Tuesday, June 07, 2005

CoPs and complexity: Conversation and culture (featuring Peter Bond)

Peter Bond who I consider to be one of my mentors, wrote yet another excellent piece "Communities of Practice and Complexity: Conversation and Culture".

CoPs, as Peter writes, have been confused with anything under the sun involving more than two persons getting together for reasons related to work.


"The self-organising quality of CoPs can put them at odds with those who would seek to control them"

Ah, the management! Aren't they the same folks speaking in terms of job descriptions, reports and external rewards? How many of them do practice the management by interaction?


"the very knowledge they create serves as the basis of their continuous reinvention."

How many times some smart*ss in some "smart group" b*tched about "not reinventing the wheel"? Such statement betrays a haughty attitude, a general lack of interest for how another person implements a solution to a common problem (the fact a problem is very common does NOT mean the implemented solution will be as common....) and a naive faith in the wheel, meaning "everything that could have been invented has already been invented, kiddo" (again, "best practices" can not be improved, there is nothing better than what is already there, etc etc).


"For them to be effective vehicles for competence development and knowledge transfer, and conducive to creative solution making, they must maintain a certain degree of autonomy (from host organisations), flexibility, and responsiveness."

OR the manager/leader/facilitator has to proactively foster autonomy, flexibility and responsiveness... ;) Meaning, a CoP needs a flexible and responsive leader that changes managerial style according to the situation, in order to foster self-organization (ie: gives more structure when CoP is chaotic, pushes on more autonomy and flexibility when CoP is too rigid).


"The key to maintaining the creativity and inventiveness of a CoP, bearing in mind it is emotional energy we are speaking of, the CoP needs to be continuously challenged by problems that excite its members, and if this is not quite enough, by appropriate forms of leadership, which will be dependent on the context from which the CoP arose."

It is important to stress out how such excitement is emotional in nature and cannot be elicited through a job description or anything rational like that. Being able to motivate and excite people means being able to be a good coach and mentor, and present managers need to have coaching and mentoring skills as well.
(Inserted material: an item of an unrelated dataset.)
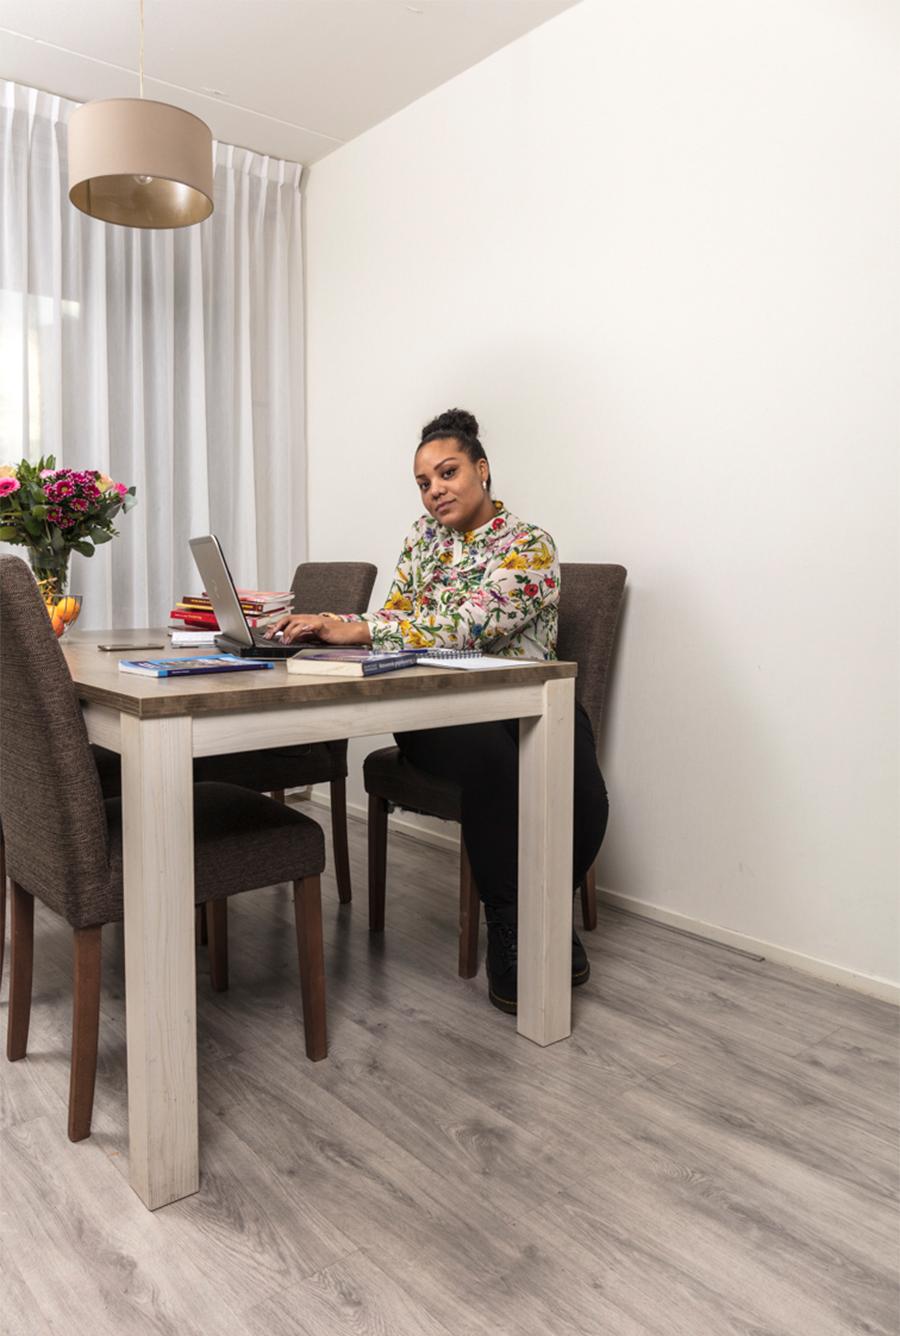 Omara achter haar laptop in de woonkamer. Ze hoopt eindelijk af te studeren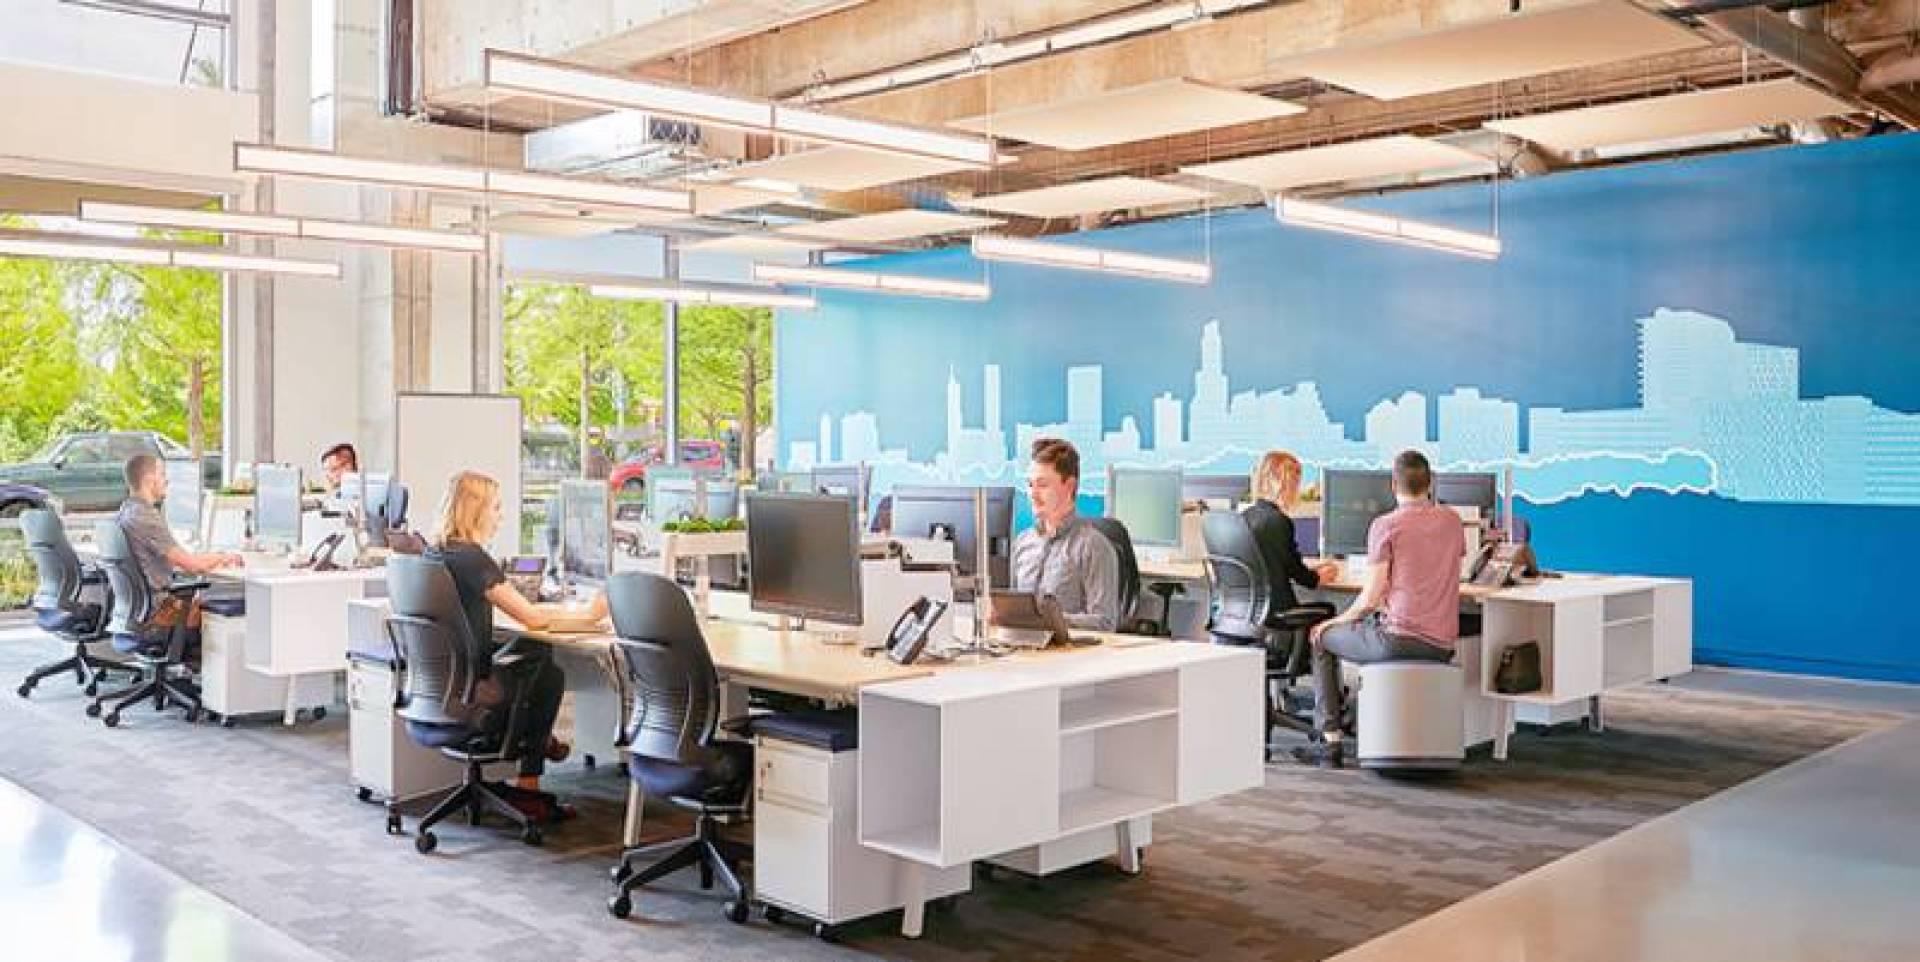 المكتب مهم ويعد أداة للترابط الاجتماعي في المؤسسة

"The key to understanding how a community forms is the role of the independent learner, how her natural motivation is to share her knowledge of the result-of-actions, and how they are produced, which leads to the formation of social relationships."
So the key to form a community is NOT about sharing results or "best practices", but to explain even mistakes, how they happened, why,and the like. Interesting! It does, indeed, explain some things to me, such as, for example, why people spreading "best practices" (or always the same old concepts/links) tend not to be a part of a successful, vibrant community. It's because they cut off the conversation: "follow these best practices and shut the f*ck up".


"The more an individual learns and the more she shares, the greater the variety of situations and events she and her community are able to handle. The more problems she is able to solve, the more strategies the community has for dealing with unanticipated events."
And I reiterate: the more she learns (as opposed to: saying the same old things and practicing always in the same old way), the more the community is able to handle.


"Conversation is a process that can, but not always, give rise to strong emotioning, which may influence a decision to share a result-of-action, individual and collective, with others. Järvilehto also associates the production of results of action with emotions. The depth of emotioning experienced during and after the production of a result, might also influence the value an individual attaches to it. Similarly, the value placed on a particular means or process of production, and the components thereof, will also be influenced by the depth of emotioning produced."

These lines do not need any further comment *grin* The days in which people thought that conversation was a mere information exchange are OVER.